_Provided material_
********************

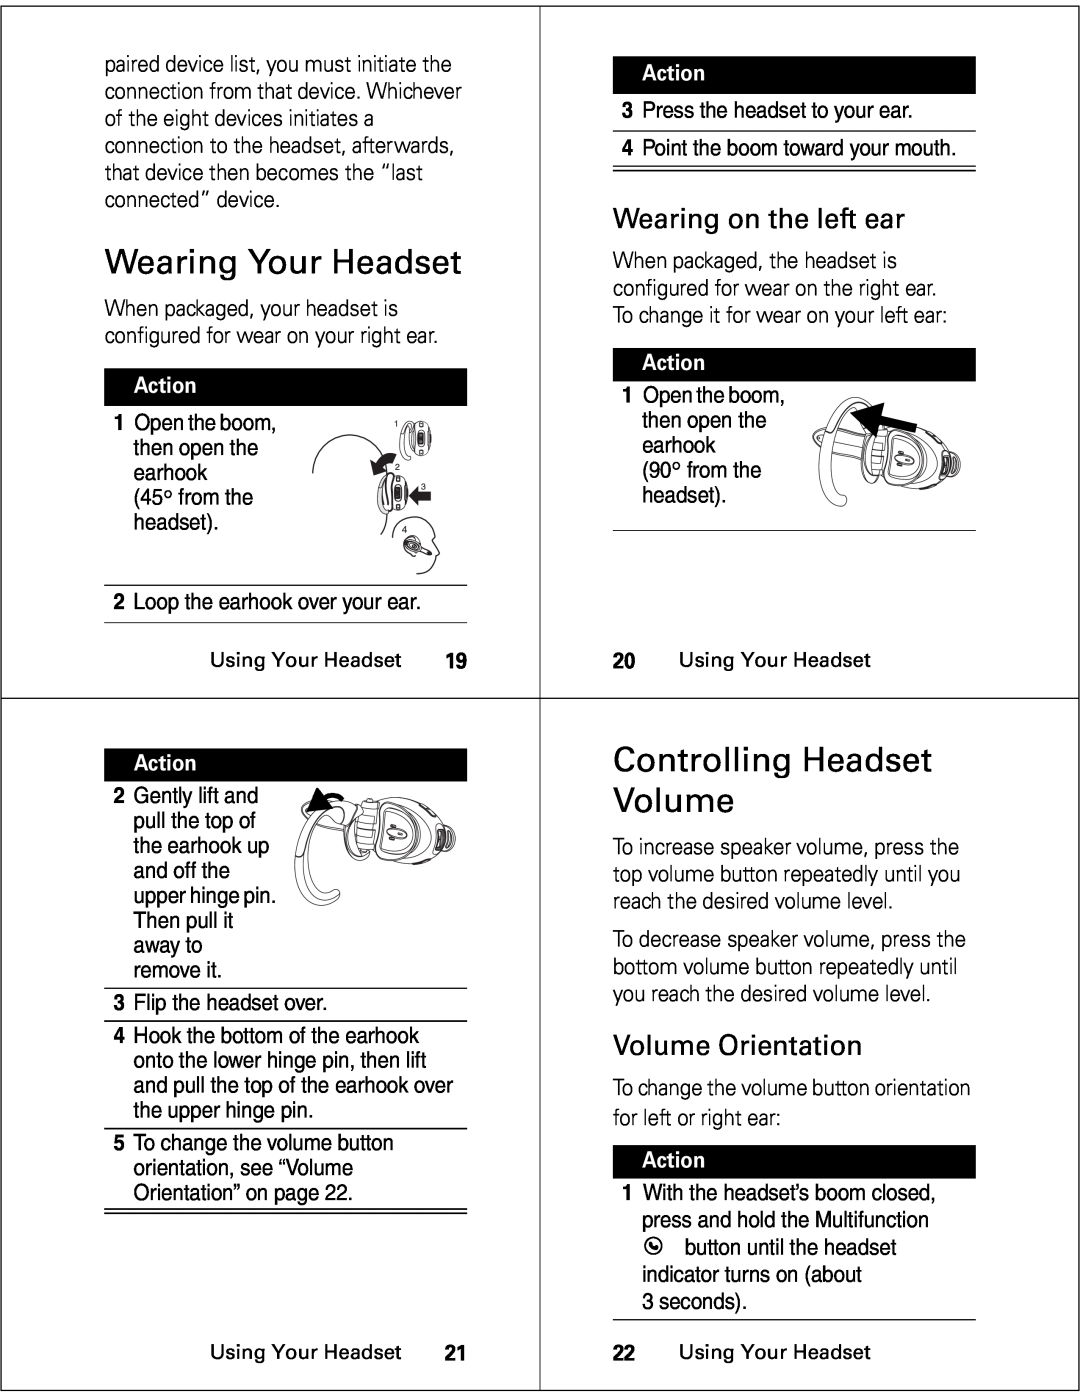 Motorola HS850 manual Wearing Your Headset, Controlling Headset, Wearing on the left ear, Volume Orientation 
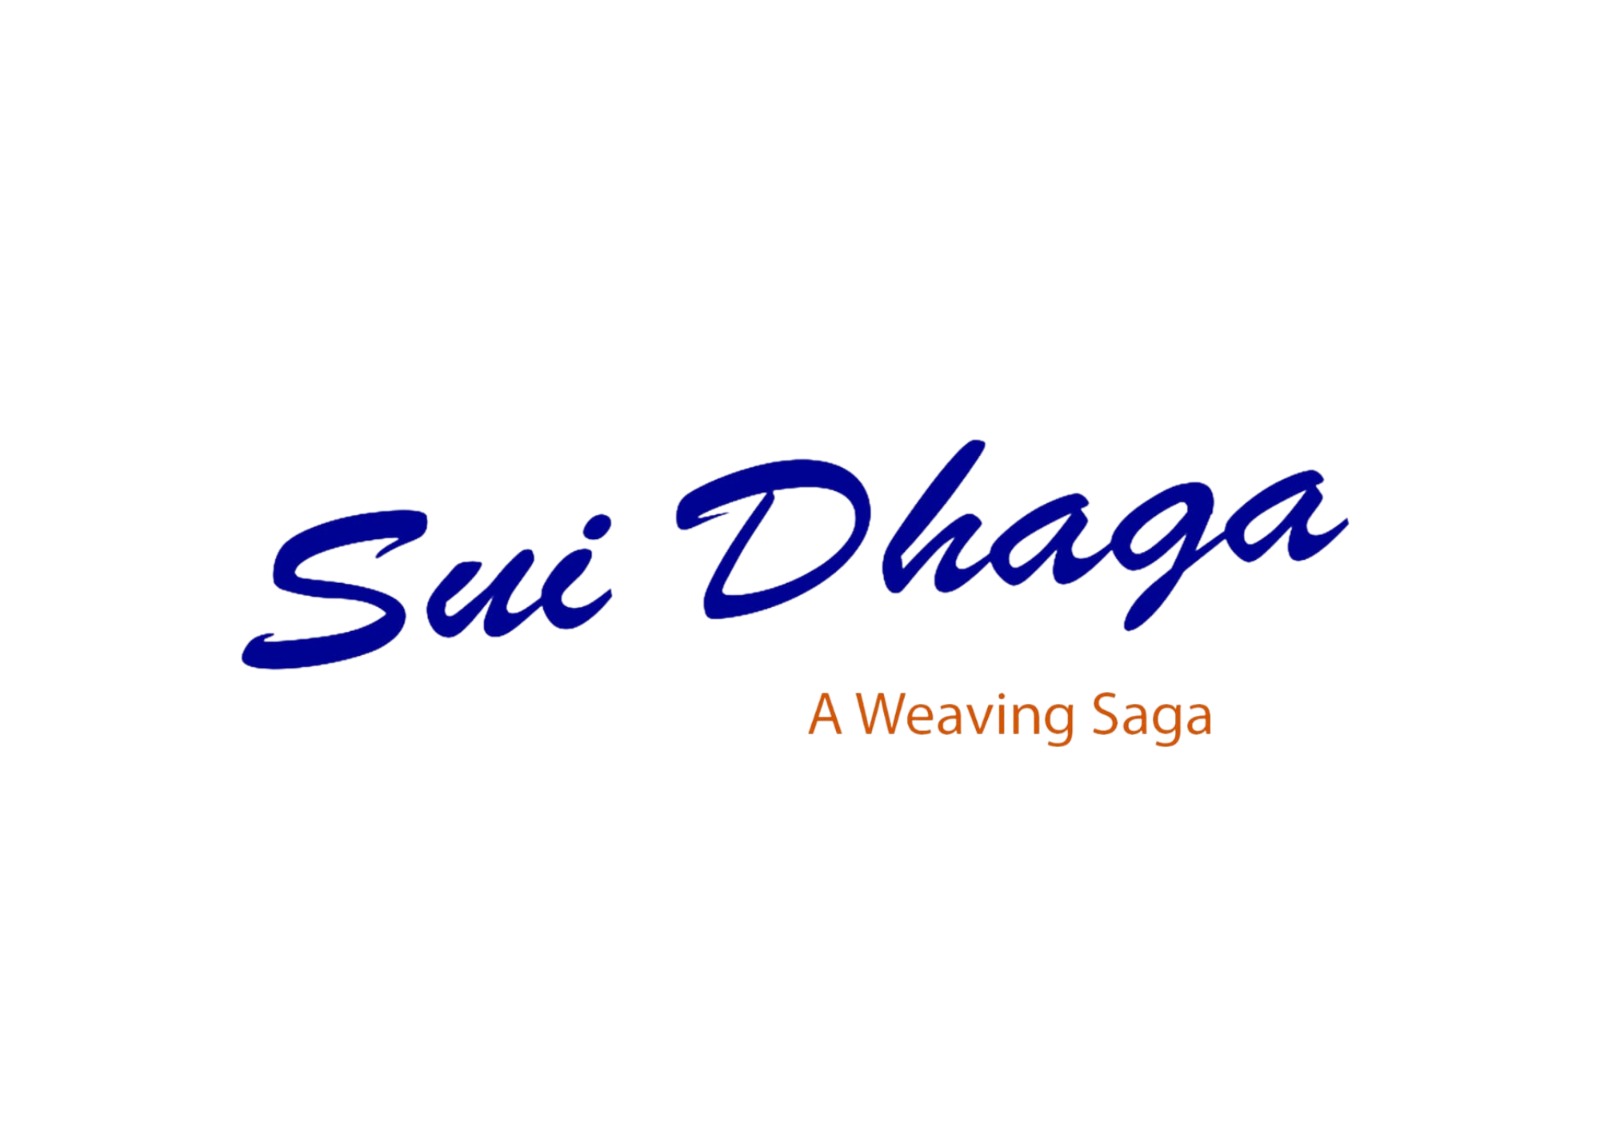 Sui Dhaga - A Weaving Saga: Celebrating Indian Heritage and Entrepreneurial Journey.
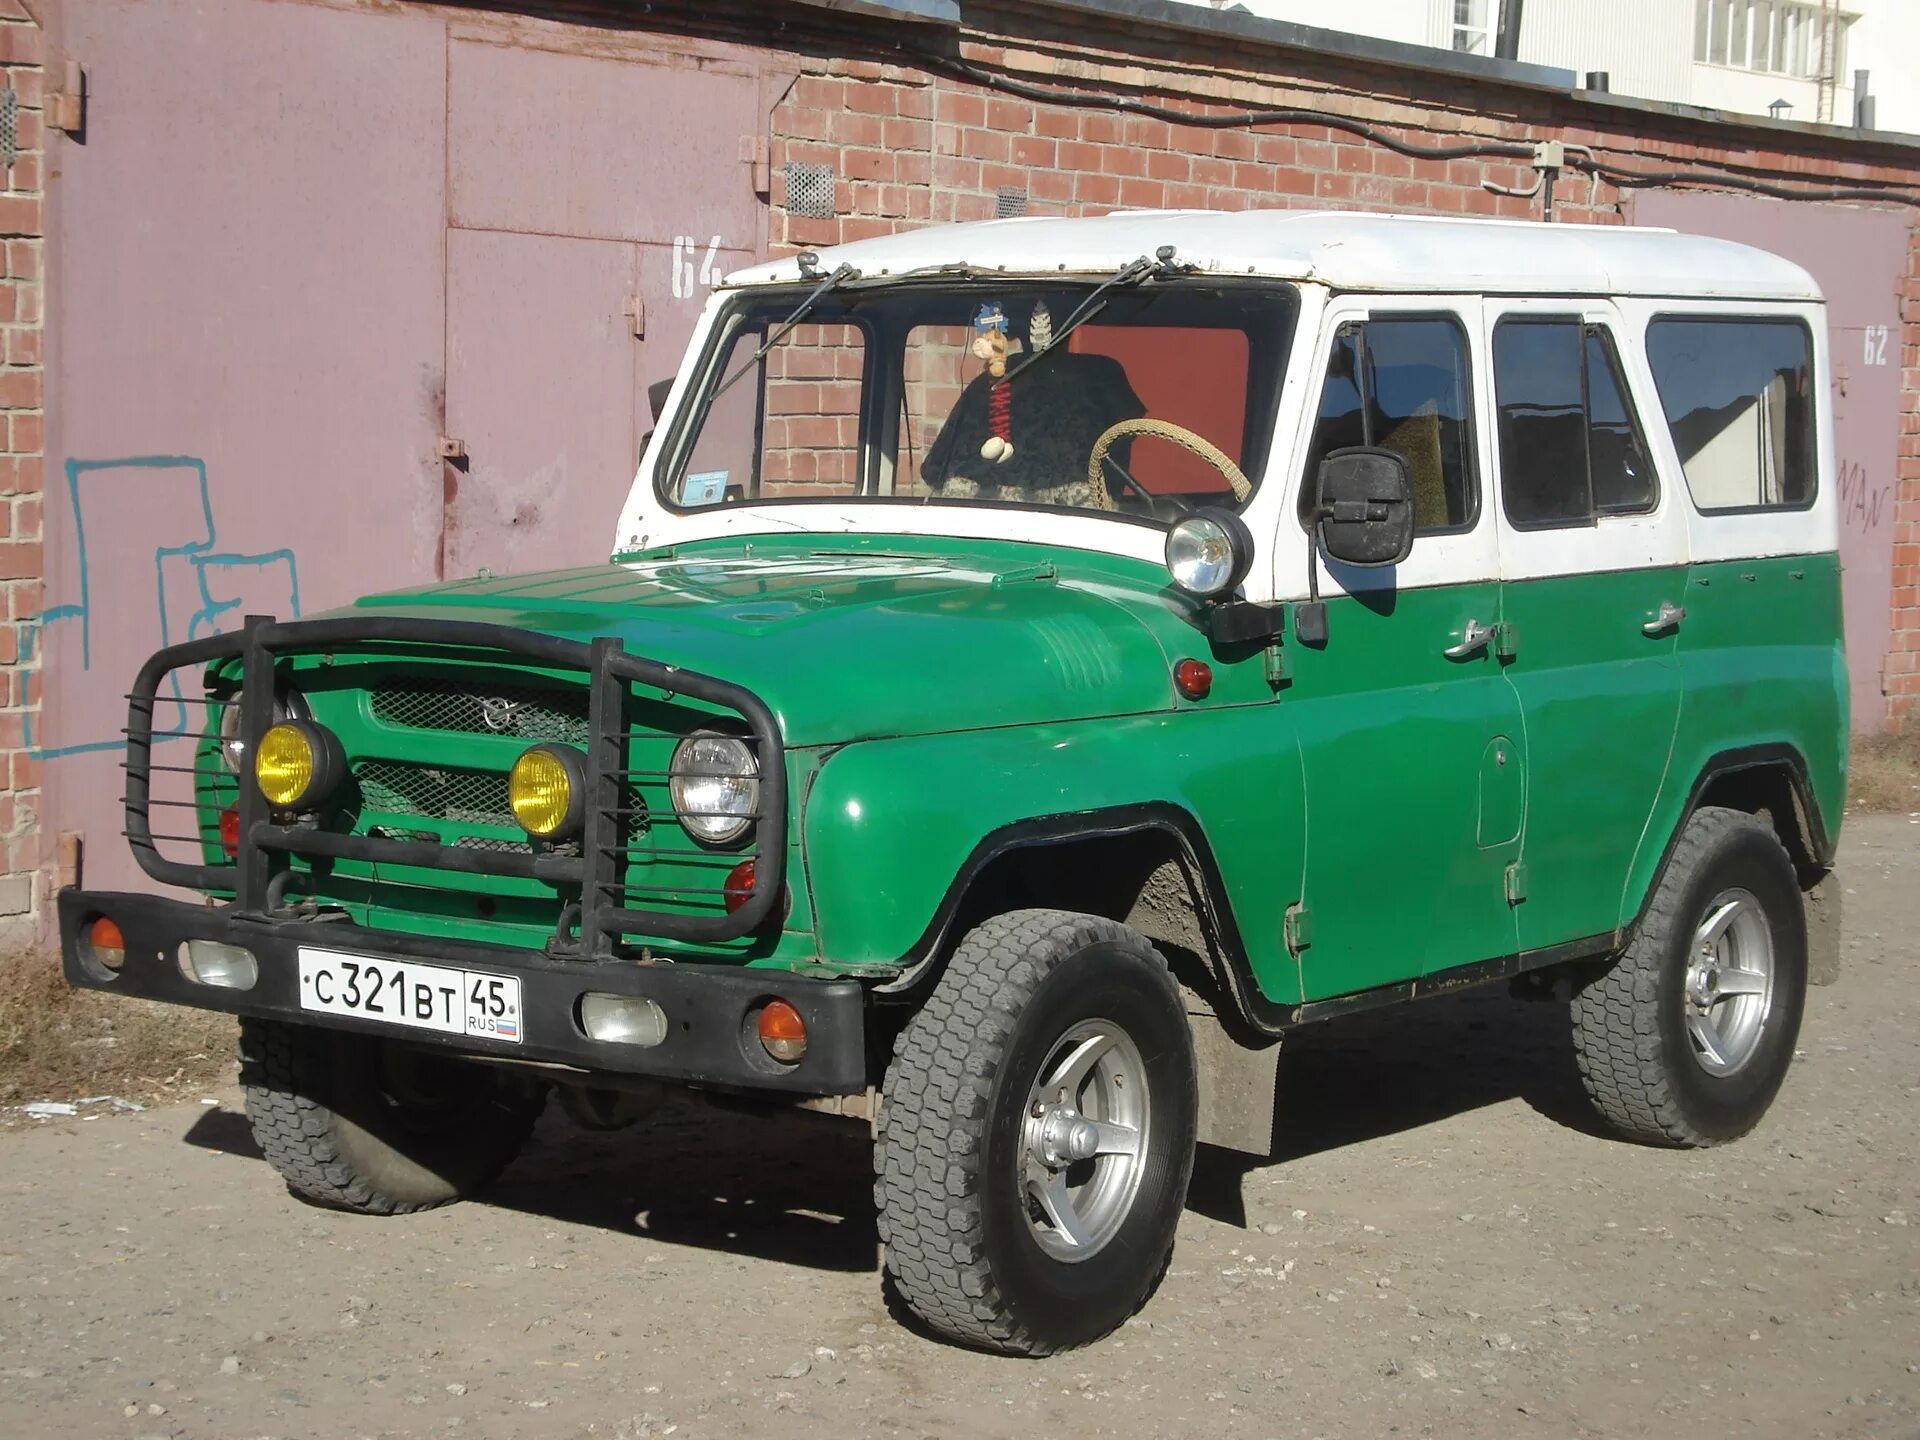 Уаз 469 отзывы. УАЗ 469 зеленый. УАЗ 469 469. УАЗ 469 салатовый. УАЗ 469 двухцветный.
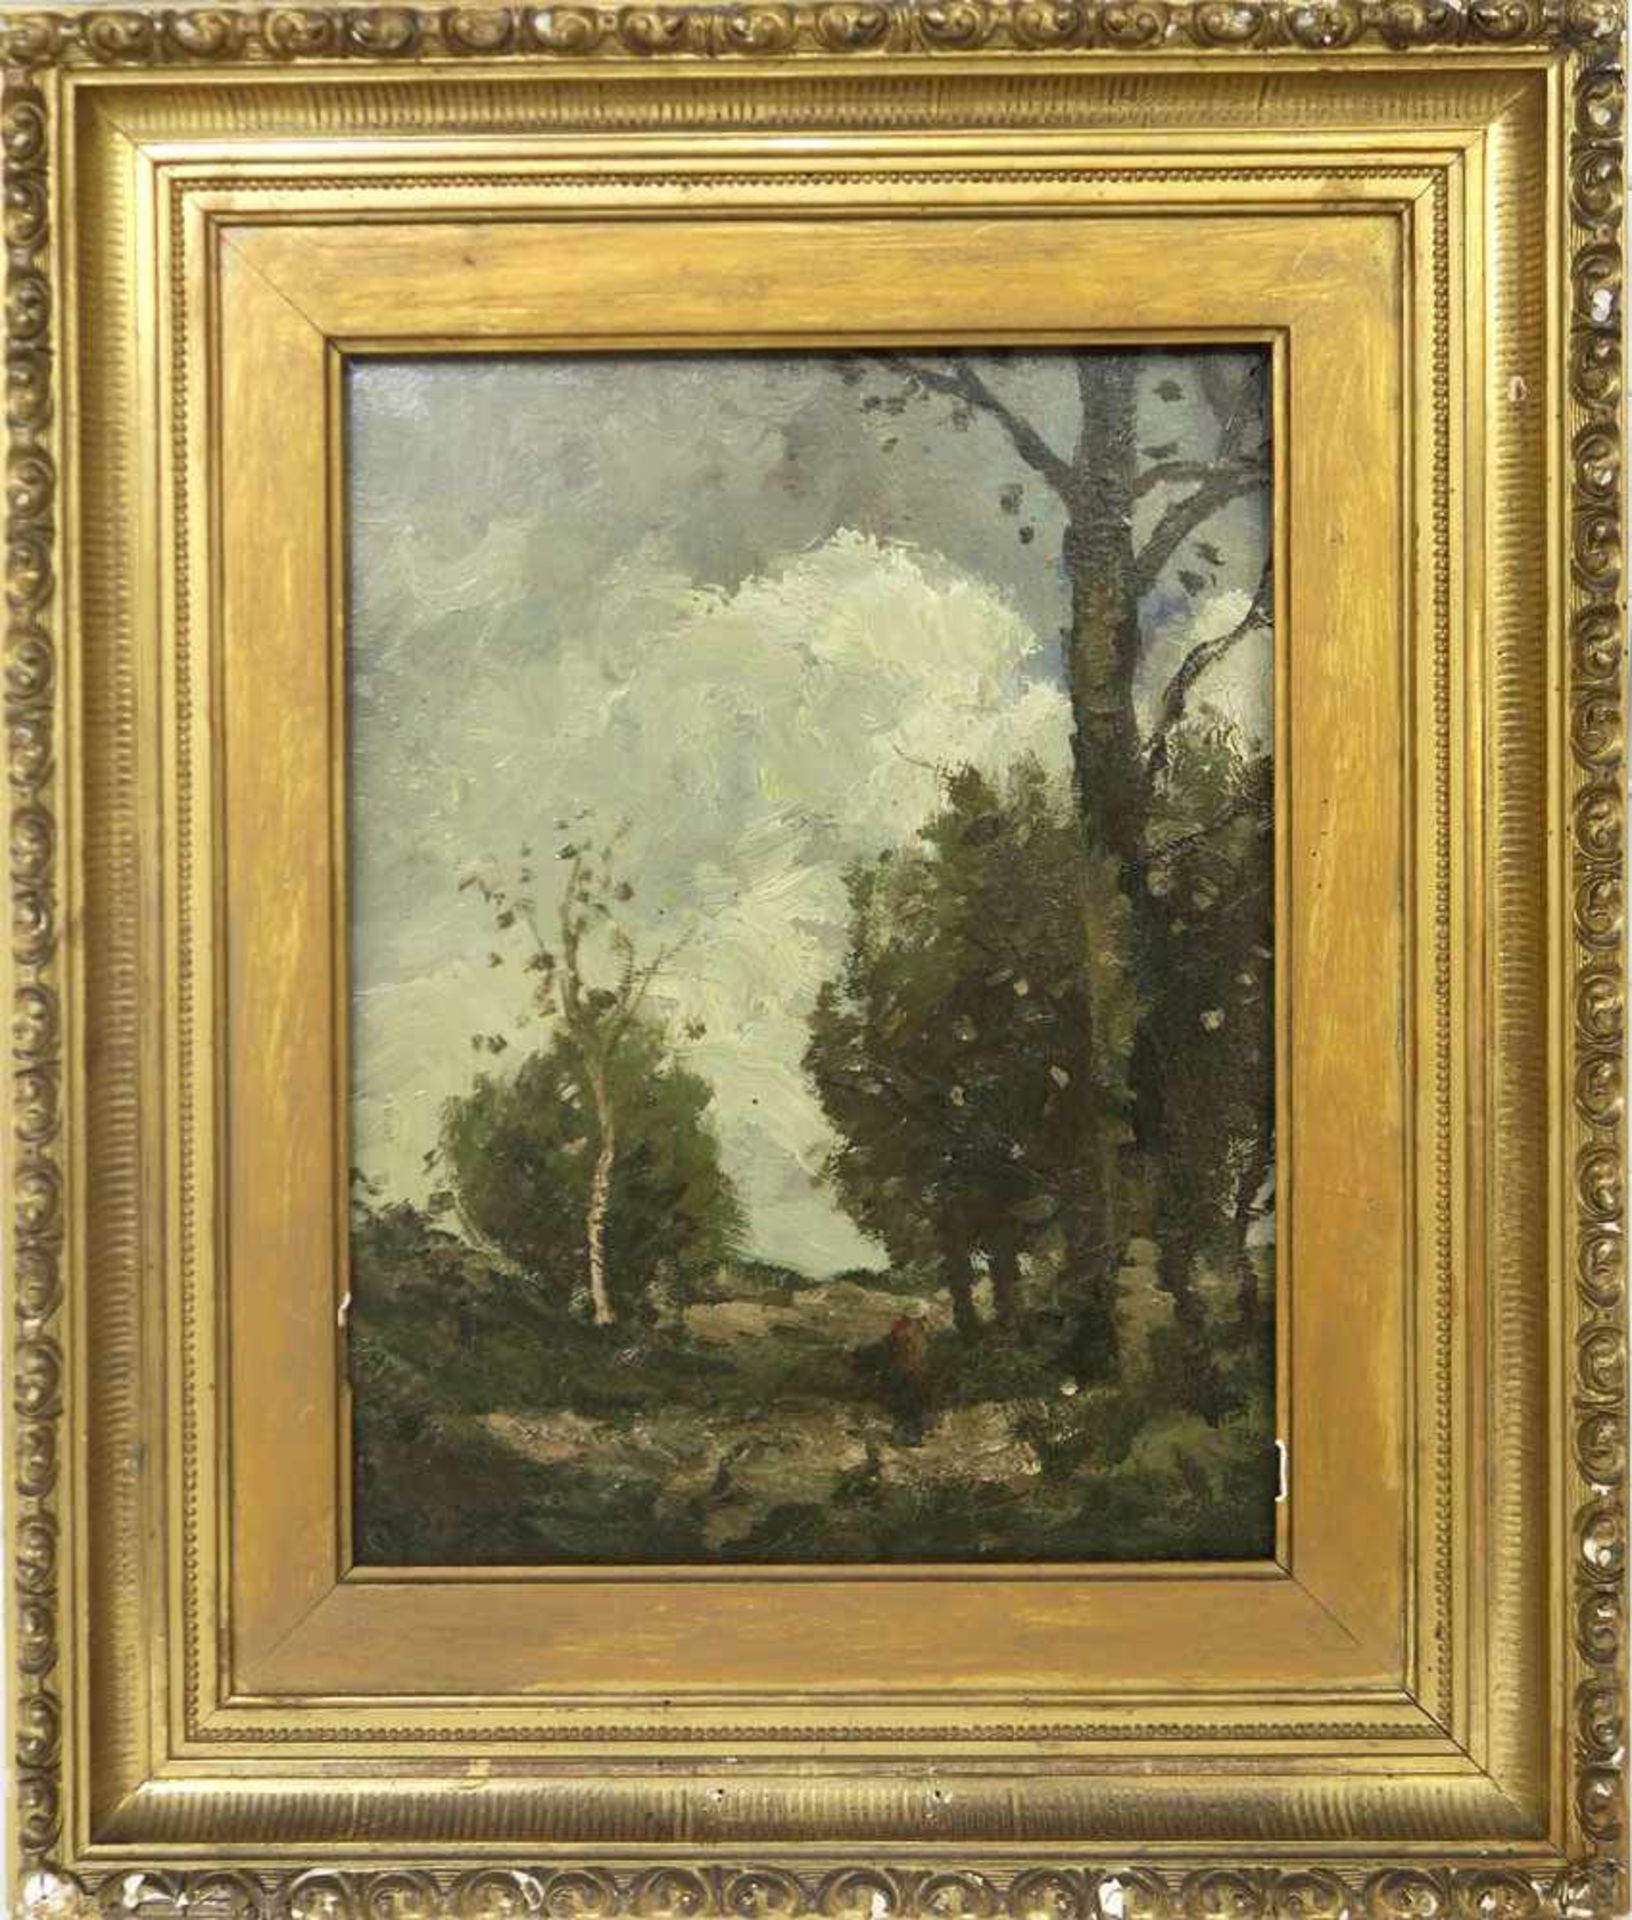 Bock, Théophile de1851 Den Haag - 1904 HaarlemFrau am WaldrandÖl/Holz. 31 x 26 cm. L. u. signiert.

********************

_What this task involves_
Give back an exact copy of the material above, omitting the pictures.

_Answer to this exercise_
 Motorola HS850 manual Wearing Your Headset, Controlling Headset, Wearing on the left ear, Volume Orientation 
 Sui Dhaga - A Weaving Saga: Celebrating Indian Heritage and Entrepreneurial Journey.
 Уаз 469 отзывы. УАЗ 469 зеленый. УАЗ 469 469. УАЗ 469 салатовый. УАЗ 469 двухцветный.
 Bock, Théophile de1851 Den Haag - 1904 HaarlemFrau am WaldrandÖl/Holz. 31 x 26 cm. L. u. signiert.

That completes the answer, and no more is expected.